Provided material.
+++++

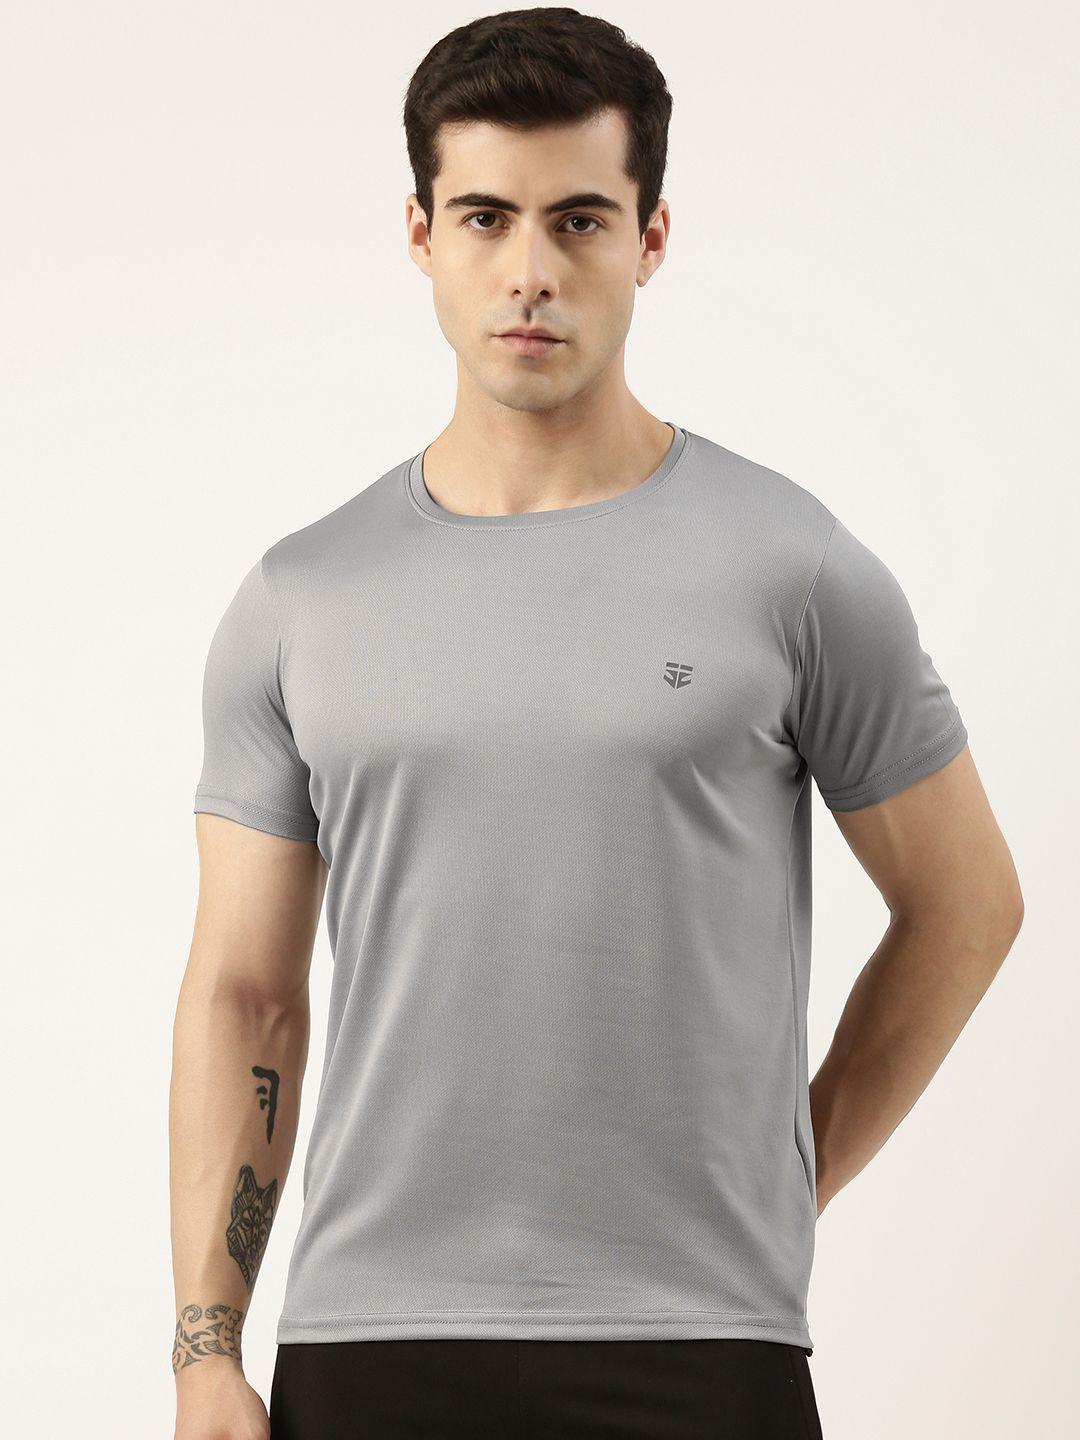 sports52 wear round neck dry fit training or gym t-shirt
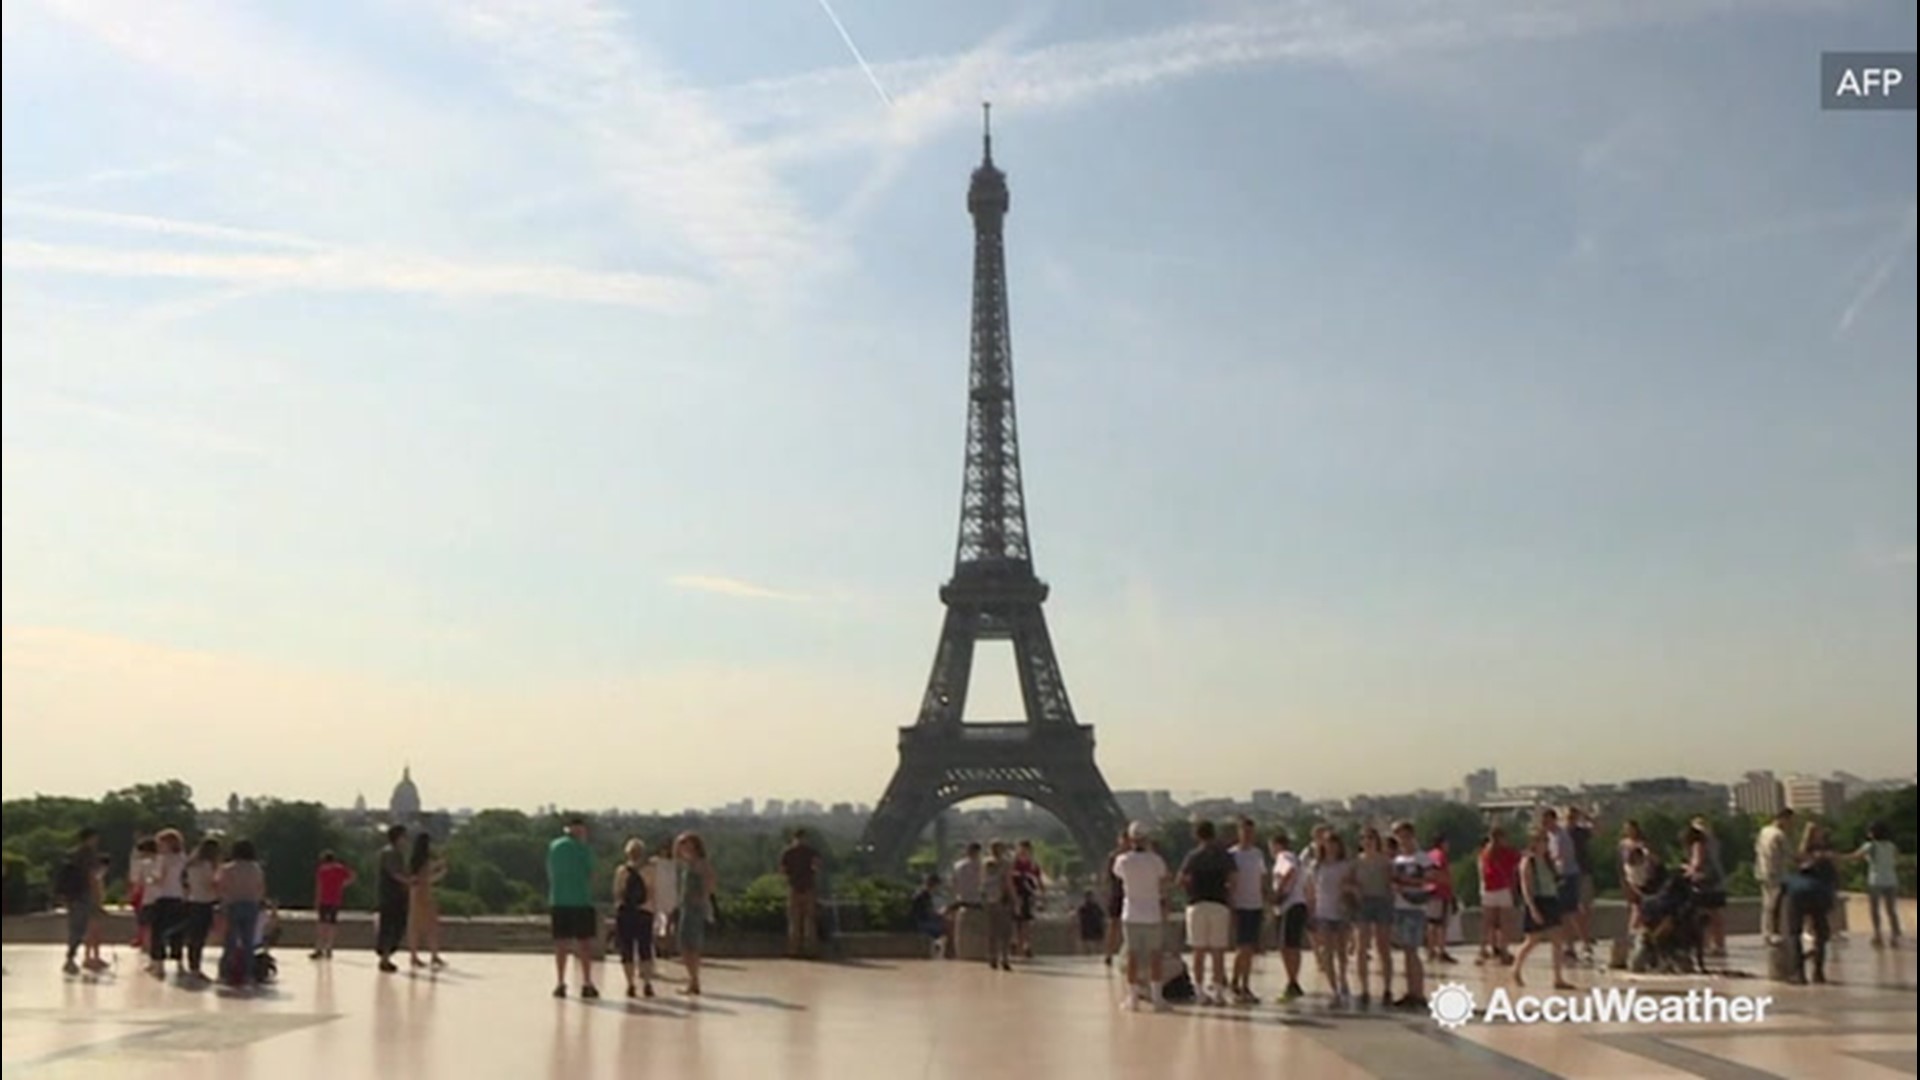 Summer may have just officially started, but in Paris, France, things are already heating up, with temperatures well over 100 degrees settling in across the city on June 24.
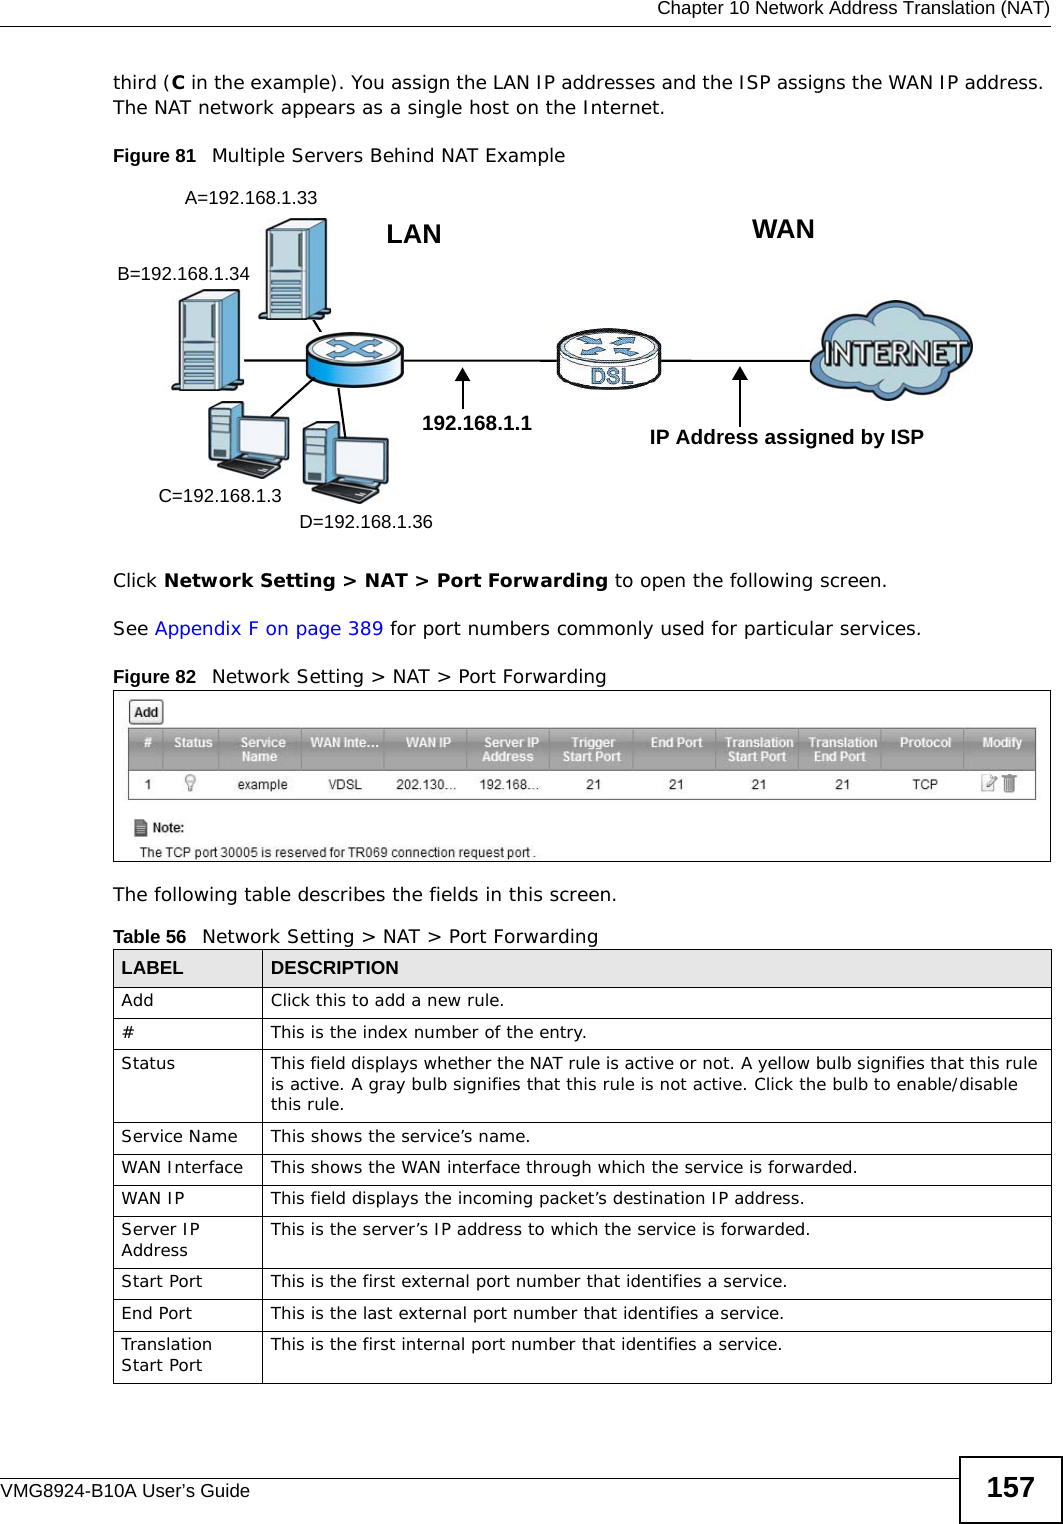  Chapter 10 Network Address Translation (NAT)VMG8924-B10A User’s Guide 157third (C in the example). You assign the LAN IP addresses and the ISP assigns the WAN IP address. The NAT network appears as a single host on the Internet.Figure 81   Multiple Servers Behind NAT ExampleClick Network Setting &gt; NAT &gt; Port Forwarding to open the following screen.See Appendix F on page 389 for port numbers commonly used for particular services. Figure 82   Network Setting &gt; NAT &gt; Port ForwardingThe following table describes the fields in this screen. Table 56   Network Setting &gt; NAT &gt; Port ForwardingLABEL DESCRIPTIONAdd Click this to add a new rule.#This is the index number of the entry.Status This field displays whether the NAT rule is active or not. A yellow bulb signifies that this rule is active. A gray bulb signifies that this rule is not active. Click the bulb to enable/disable this rule.Service Name This shows the service’s name.WAN Interface This shows the WAN interface through which the service is forwarded.WAN IP This field displays the incoming packet’s destination IP address.Server IP Address This is the server’s IP address to which the service is forwarded.Start Port  This is the first external port number that identifies a service.End Port  This is the last external port number that identifies a service.Translation Start Port  This is the first internal port number that identifies a service.A=192.168.1.33D=192.168.1.36C=192.168.1.3B=192.168.1.34WANLAN192.168.1.1 IP Address assigned by ISP
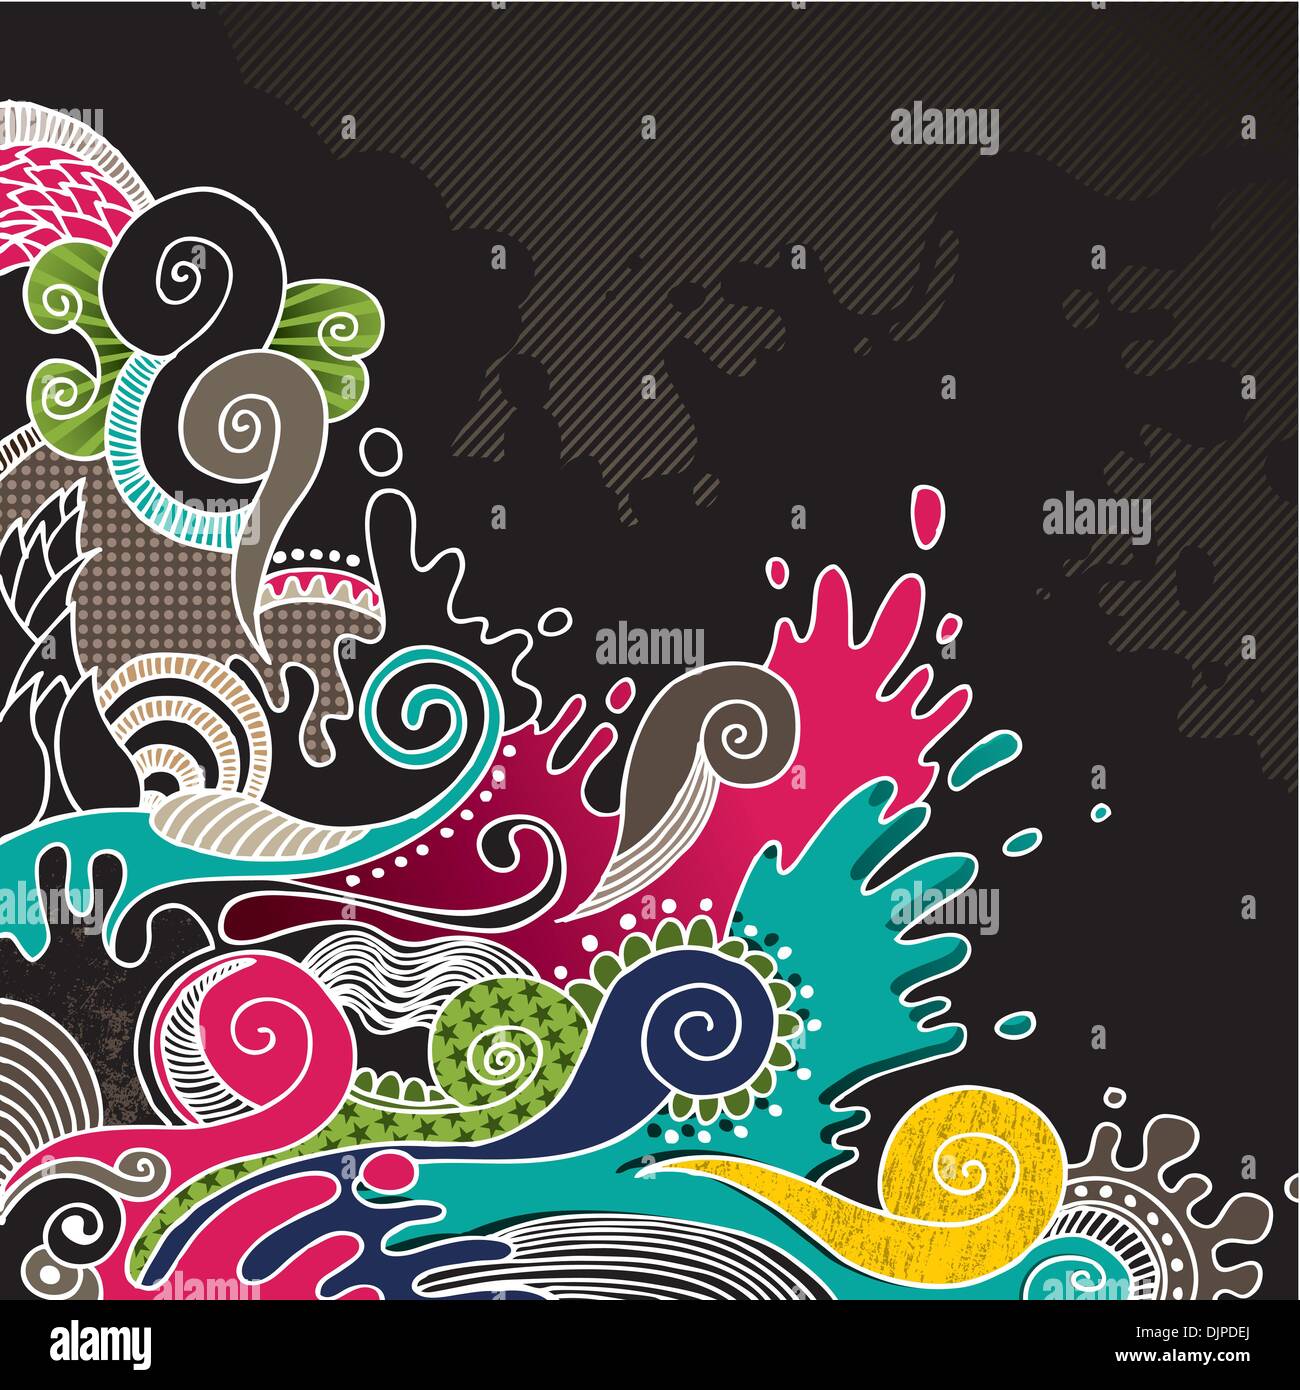 Psychedelic artistic colored background Stock Vector

+++++

Exercise description.
Output only the lines running from the top of the data above to the line with "Summer may have", inclusive, word for word and without pictures.

Completed exercise.
 sports52 wear round neck dry fit training or gym t-shirt
 Summer may have just officially started, but in Paris, France, things are already heating up, with temperatures well over 100 degrees settling in across the city on June 24.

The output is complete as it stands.